Guten Tag meine sehr verehrten Damen und Herren! Ich freue mich, hier heute einen Vortrag halten zu dürfen. Erlauben Sie mir aber, mich erst einmal kurz vorzustellen. Mein Name ist Svenja Petri. Ich habe an der Tierärztlichen Hochschule Hannover Tiermedizin studiert. Im Anschluss an das Studium habe ich am dortigen Institut für Tierzucht und Vererbungsforschung meine Doktorarbeit angefertigt. Im Rahmen meiner Dissertation habe ich ein Computerprogramm über die erblichen Erkrankungen des Bewegungsapparates beim Hund entwickelt.
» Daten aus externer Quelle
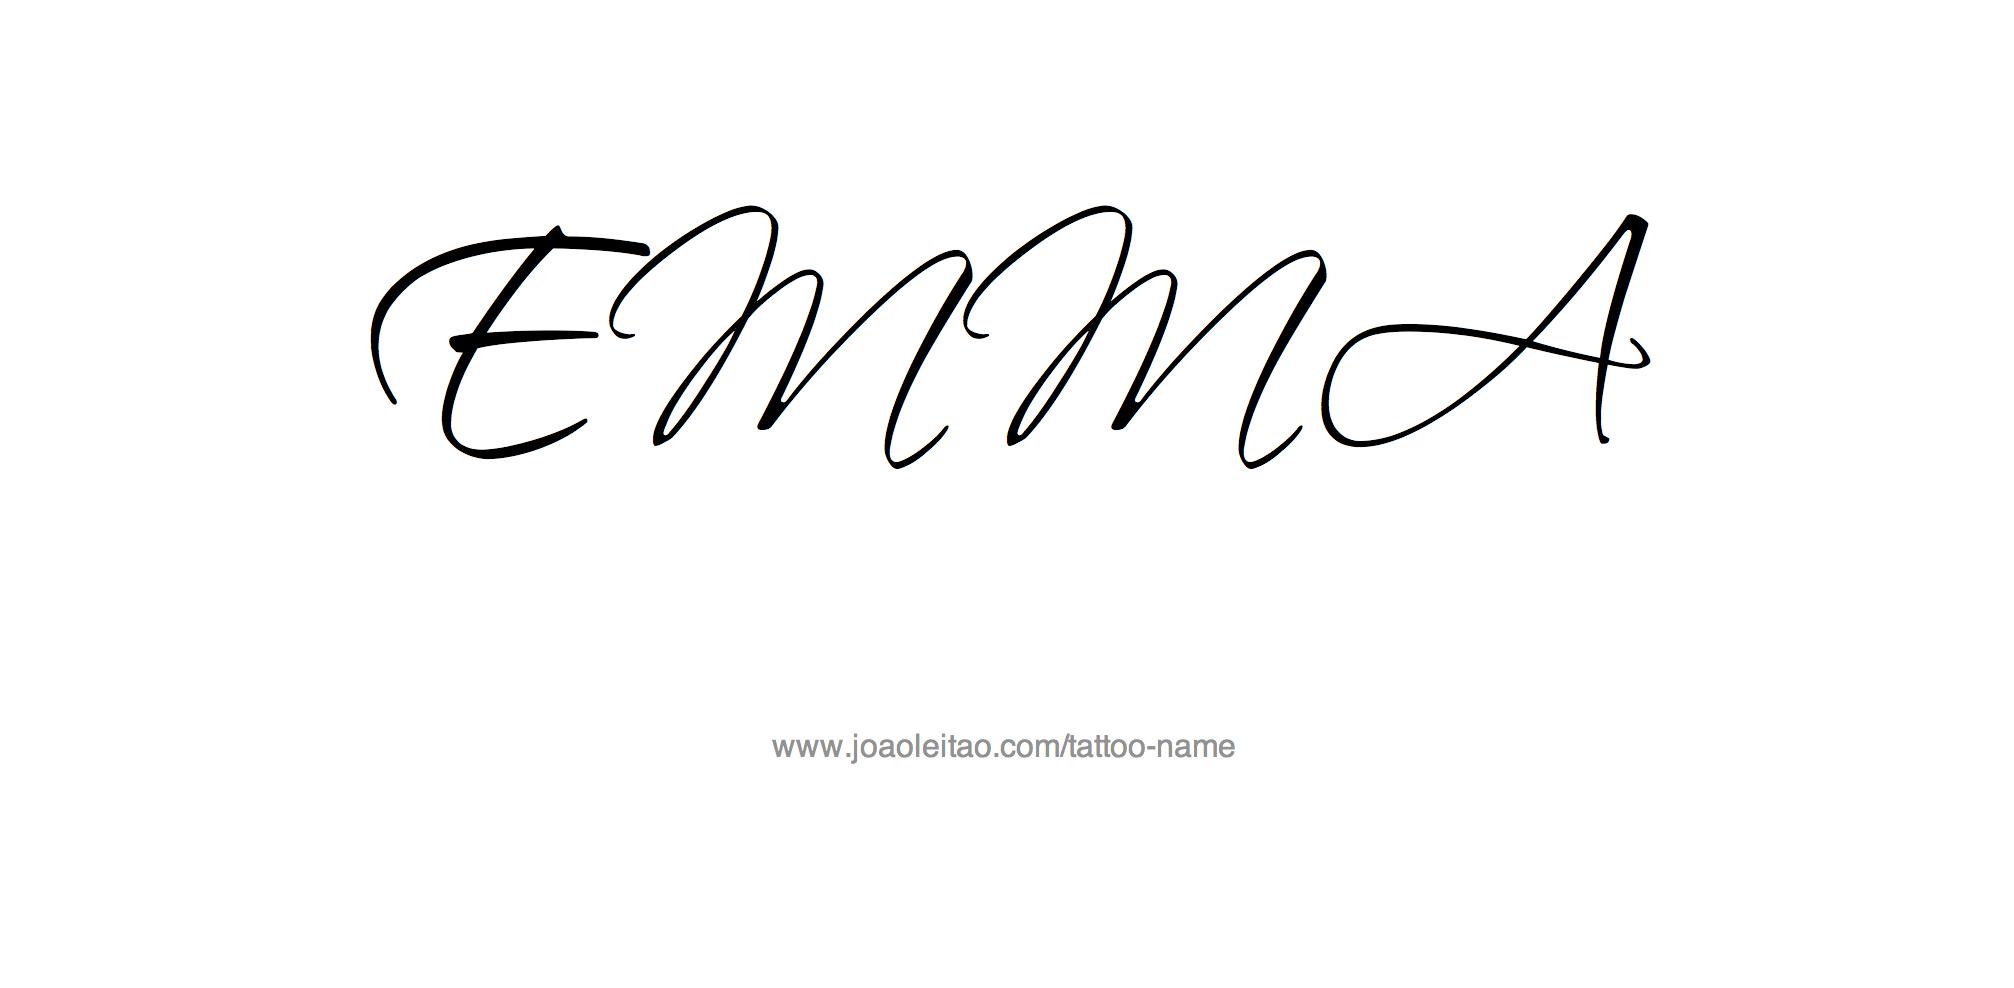 Tattoo name writing designs emma name tattoo designs  abbies room  pinterest  tattoos tattoo

Weiterhin habe ich mich mit genetischen Erkrankungen beim Kuvasz, Alaskan Malamute und Landseer beschäftigt. Insgesamt war ich fünf Jahre lang am Institut tätig. Mittlerweile arbeite ich in einer Kleintierpraxis in Hannover.

Lassen Sie uns nun auf das heutige Thema kommen. Ich möchte Ihnen etwas über die Vererbung des Merlefaktors erzählen und mit den dazu nötigen Grundlagen der Genetik beginnen.
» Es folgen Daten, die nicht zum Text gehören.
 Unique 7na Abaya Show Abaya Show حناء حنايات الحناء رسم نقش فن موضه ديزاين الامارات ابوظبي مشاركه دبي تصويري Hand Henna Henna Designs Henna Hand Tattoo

Der Hund hat genau wie alle anderen Tiere und der Mensch in jeder Körperzelle einen kompletten "Bauplan" seines Organismus. Im Zellkern befinden sich die sogenannten Chromosomen, auf Ihnen sind die Merkmale des Tieres (wie z.B. Fellfarbe, Fellstruktur, Augenfarbe, Kopfform etc.) gespeichert. Ein Hund besitzt 39 verschiedene Chromosomen und auf jedem dieser Chromosomen befinden sich eine große Zahl von Erbanlagen; die einzelnen Erbanlagen bezeichnet man als "Gene". Nun besitzt jede Körperzelle einen "doppelten Satz" Chromosomen (also insgesamt 78), d.h. es gibt jedes Gen und damit auch jedes Merkmal in "zweifacher Ausfertigung".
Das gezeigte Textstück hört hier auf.